2. Once you have a well-established online conversation space, with enough regulars to explain the local mores to newcomers, they’ll do a lot of the policing themselves.
3. You own the space. You host the conversation. You don’t own the community. Respect their needs. For instance, if you’re going away for a while, don’t shut down your comment area. Give them an open thread to play with, so they’ll still be there when you get back.
4. Message persistence rewards people who write good comments.
5. Over-specific rules are an invitation to people who get off on gaming the system.
6. Civil speech and impassioned speech are not opposed and mutually exclusive sets. Being interesting trumps any amount of conventional politeness.
7. Things to cherish: Your regulars. A sense of community. Real expertise. Genuine engagement with the subject under discussion. Outstanding performances. Helping others. Cooperation in maintenance of a good conversation. Taking the time to teach newbies the ropes.
All these things should be rewarded with your attention and praise. And if you get a particularly good comment, consider adding it to the original post.
8. Grant more lenience to participants who are only part-time jerks, as long as they’re valuable the rest of the time.
9. If you judge that a post is offensive, upsetting, or just plain unpleasant, it’s important to get rid of it, or at least make it hard to read.

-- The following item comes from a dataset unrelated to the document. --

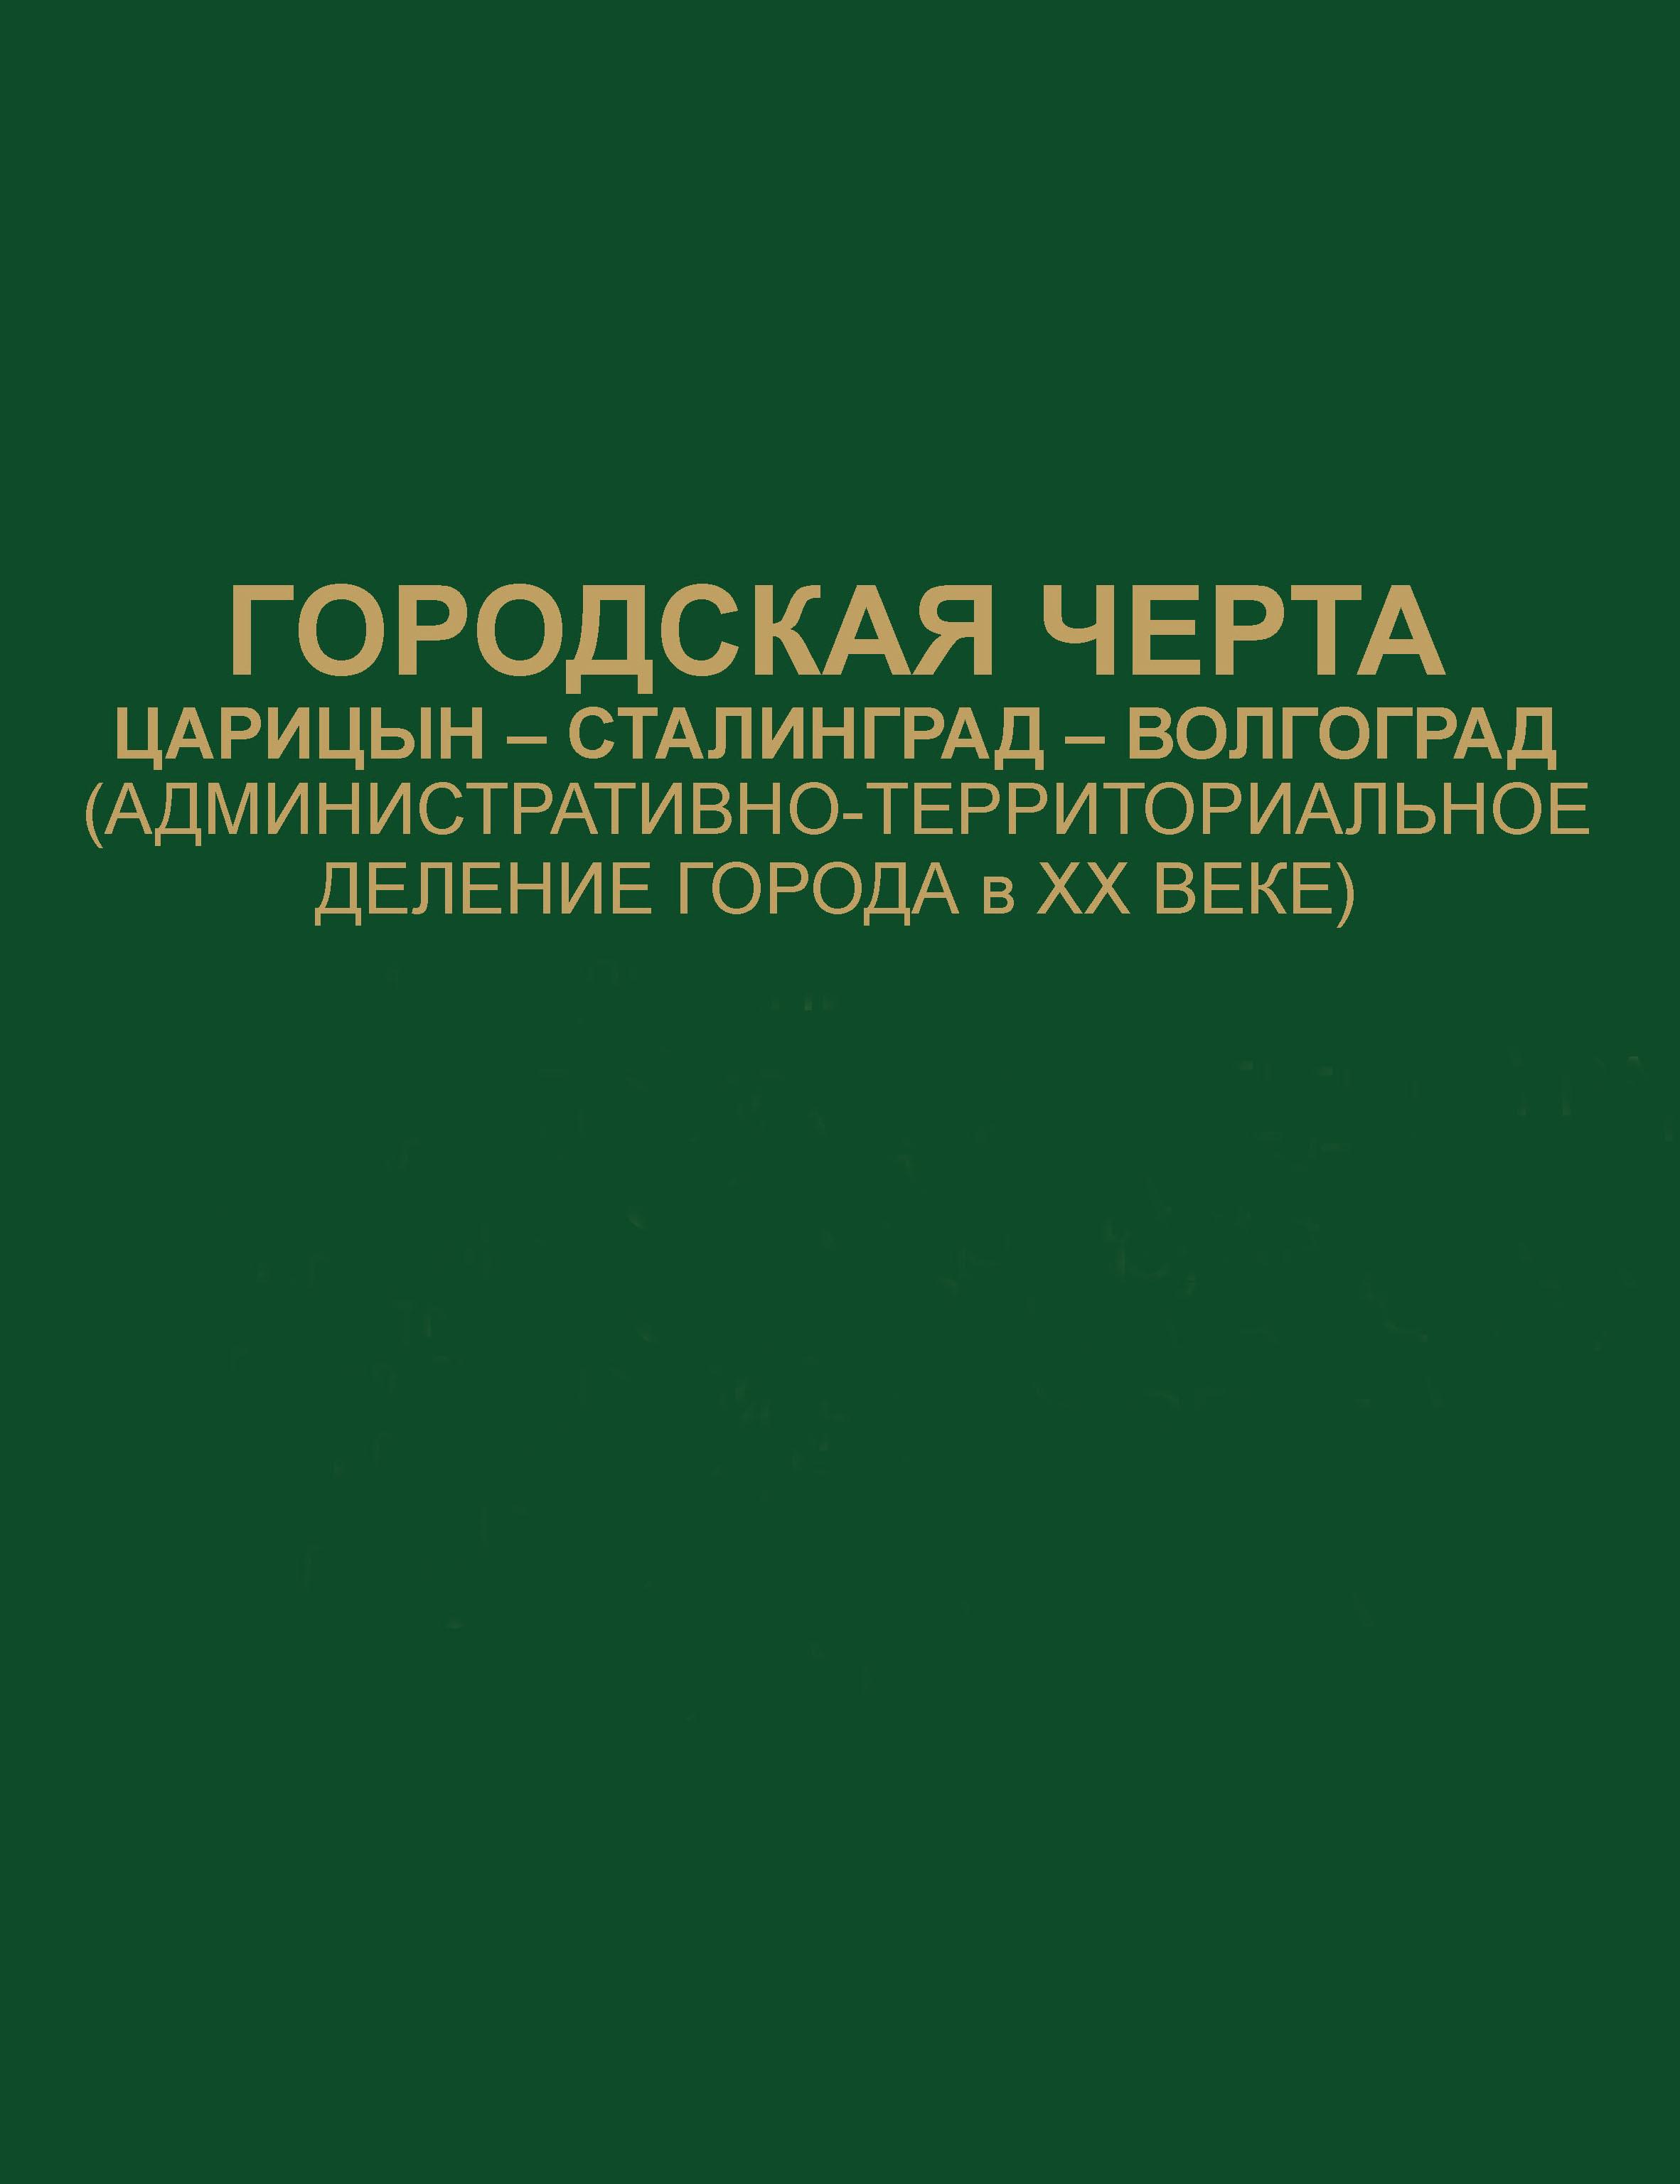 gorodskaya cherta tsaritsyn stalingrad volgograd administrativno territorialnoe delenie goroda v khkh veke dokumenty i materialy

Do it as quickly as possible. There’s no more useless advice than to tell people to just ignore such things. We can’t. We automatically read what falls under our eyes.
10. Another important rule: You can let one jeering, unpleasant jerk hang around for a while, but the minute you get two or more of them egging each other on, they both have to go, and all their recent messages with them. There are others like them prowling the net, looking for just that kind of situation. More of them will turn up, and they’ll encourage each other to behave more and more outrageously. Kill them quickly and have no regrets.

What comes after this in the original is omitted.